And doesn't include any vote since then either.
Nope, but according to the polling if the vote was held today, you'd lose.

I'd lose? Why's that?
You'd lose because they wouldn't vote to ban gay marriage again.
 
This is interesting...

Page 15 on--
"Bringing the matter to a close, the Court held minutes after releasing Windsor that procedural obstacles in Hollingsworth v. Perry
, 133 S. Ct. 2652 (2013), prevented it from considering the validity of state marriage laws. Saying that the Court declined in Hollingsworth
to overrule Baker openly but decided in Windsor to overrule it by stealth makes an unflattering and unfair estimate of the Justices’ candor
. ..

That is the hinge of the activist courts in the other circuits saying that the High Court was giving them the nod to overrule Baker from underneath. Which of course is illegal.. That Sutton is really giving a left hook to those other circuit courts here!

Even if Windsor did not overrule Baker by name, the claimants point out, lower courts still may rely on “doctrinal developments” in the aftermath of a summary disposition as a ground for not following the decision. Hicks, 422 U.S. at 344. And Windsor, they say, together with Lawrence v. Texas, 539 U.S. 558 (2003), and Romer v. Evans, 517 U.S. 620 (1996), permit us to cast Baker aside. But this reading of “doctrinal developments” would be a groundbreaking development of its own. From the perspective of a lower court, summary dispositions remain “controlling precedent, unless and until re-examined by [the Supreme] Court.”...the Court has told us to treat the two types of decisions, whether summary dispositions or full-merits decisions, the same, “prevent[ing] lower courts” in both settings “from coming to opposite conclusions on the precise issues presented and necessarily decided by those actions.

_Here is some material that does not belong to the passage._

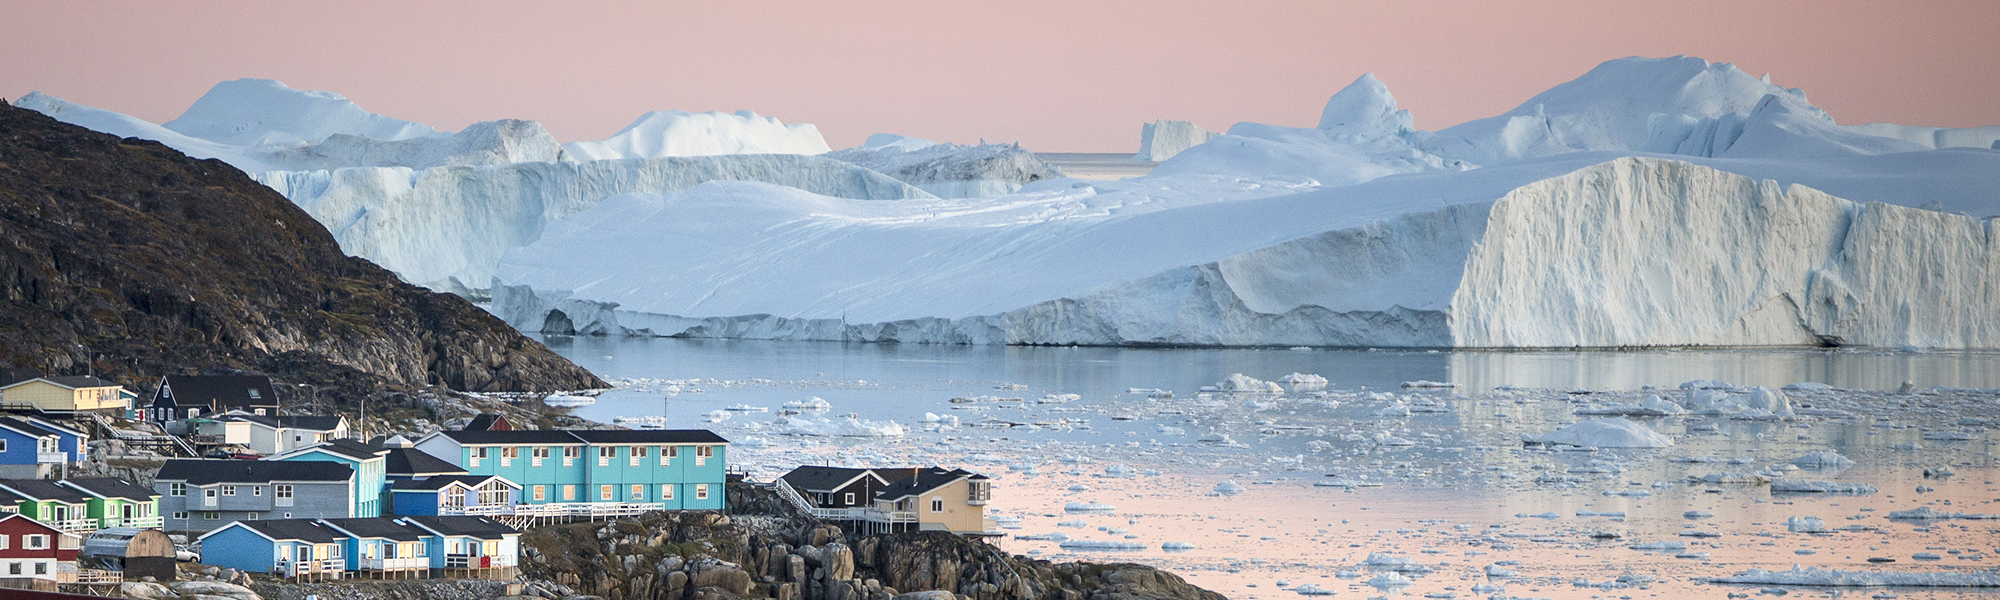 Découverte Baie de Disko © Mads Pihl - Visit-Greenland

As I suspected....pressure from the LGBT cult was causing these activist (and very poor) judges to rewrite their constitutional powers from underneath the People and SCOTUS! Sock it to them Sutton! :poke:

Though the Sutton Opinion was not rendered in the 9th District, his logic is so sound as to cause reverberations there. A plaintiff in California may now come forward to sue for the right of their vote to count: citing violation of civil rights.

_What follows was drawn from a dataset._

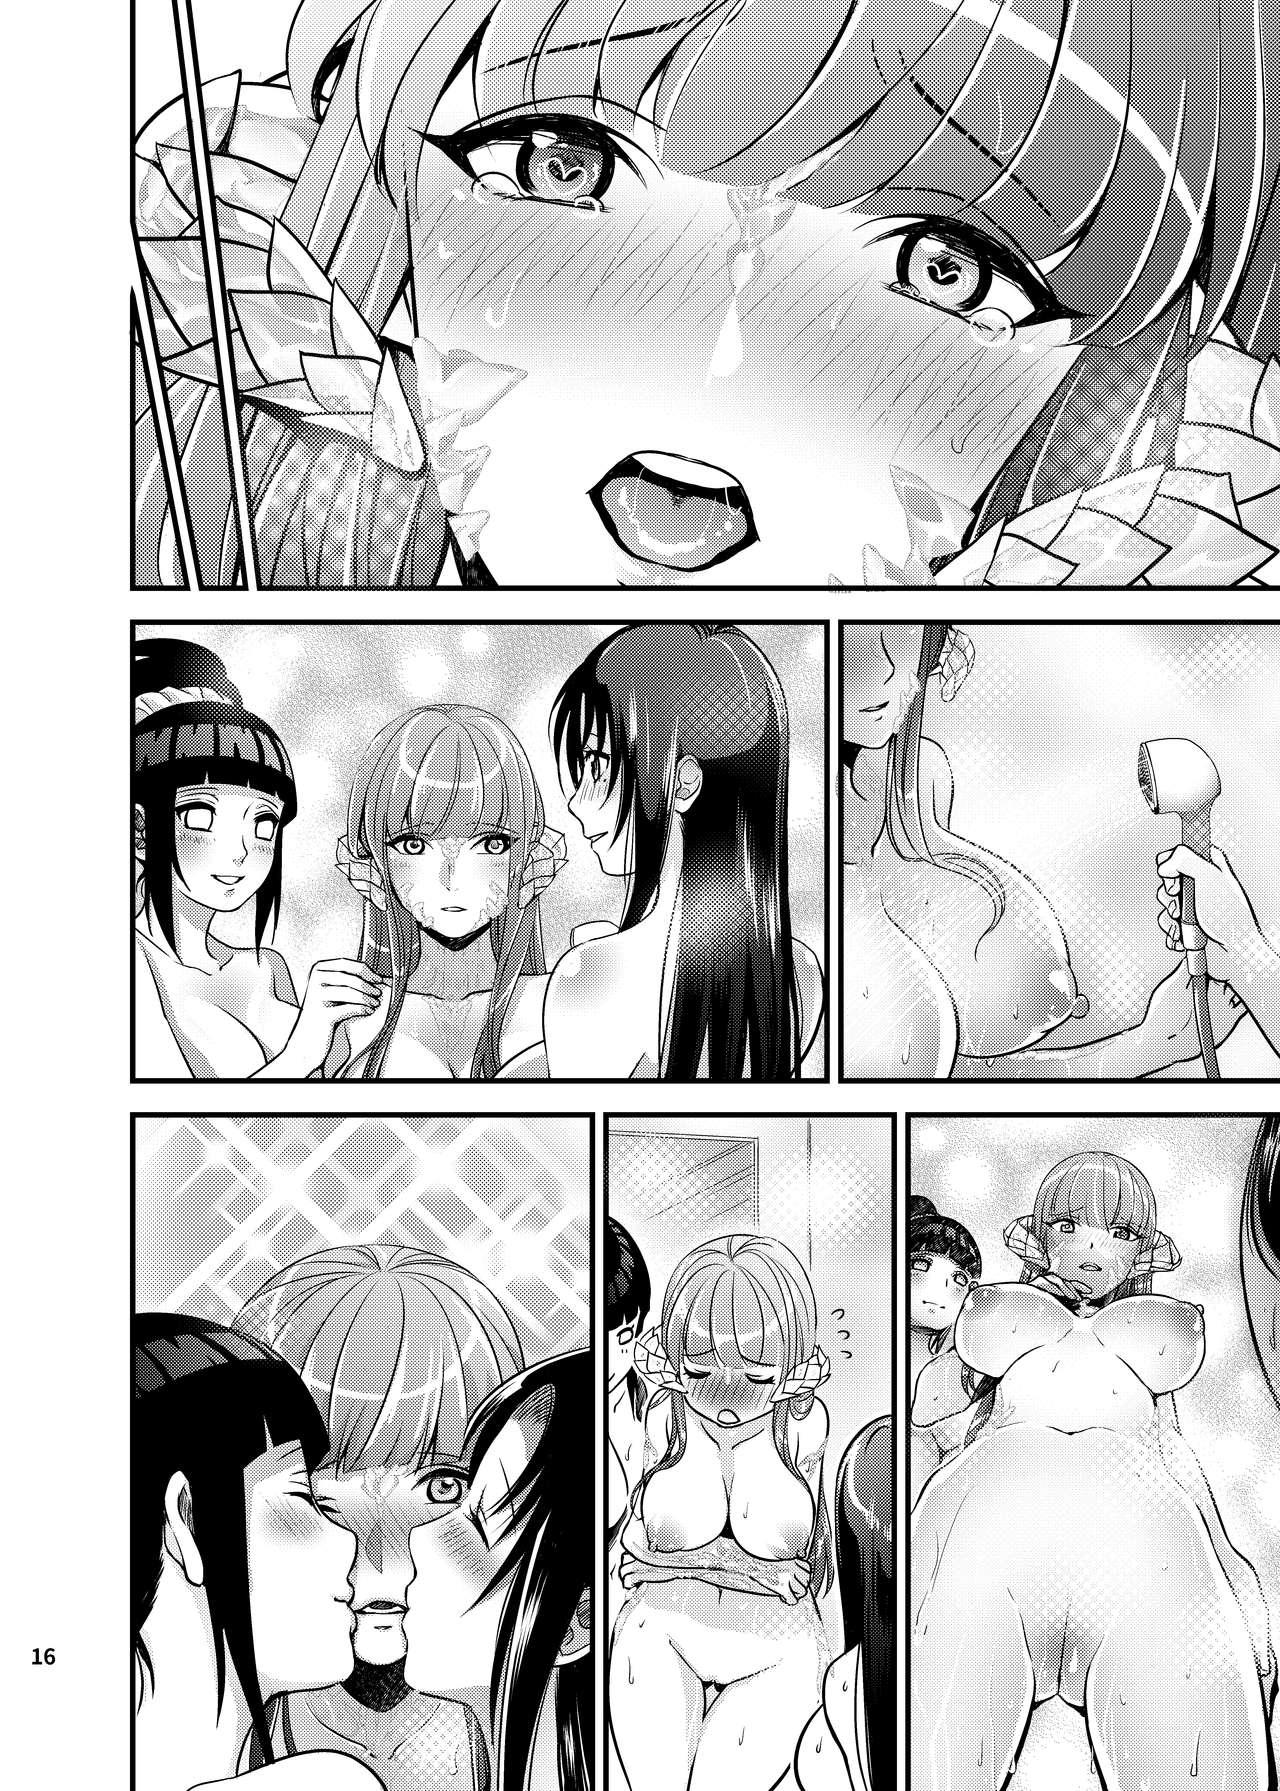 Hot Women Having Sex A Night for girls across the worlds - Naruto Final fantasy xiv Final fantasy Nana to kaoru Brunettes - Page 15

The study of this type of law doesn't have to be very complicated at all at its core. If SCOTUS tells you that you cannot overturn its decisions from underneath, no matter how clever/stealthy you think you may be doing so, you cannot do so. None of these other circuits ever had the constitutional power to override Baker's summary decision.

And as I suspected all along, the LAW OF THE LAND TODAY is that gay marriage is not legal in states that defined marriage to exclude it. These states have a right to disincentivize a home where 100% of the time one of the natural blood parents of any children there will be missing/absent...as will an adult representation of one of the two genders for the best interest of the child[ren] growing up with a miniature reflection of soceity at large to learn to adapt to and interact with.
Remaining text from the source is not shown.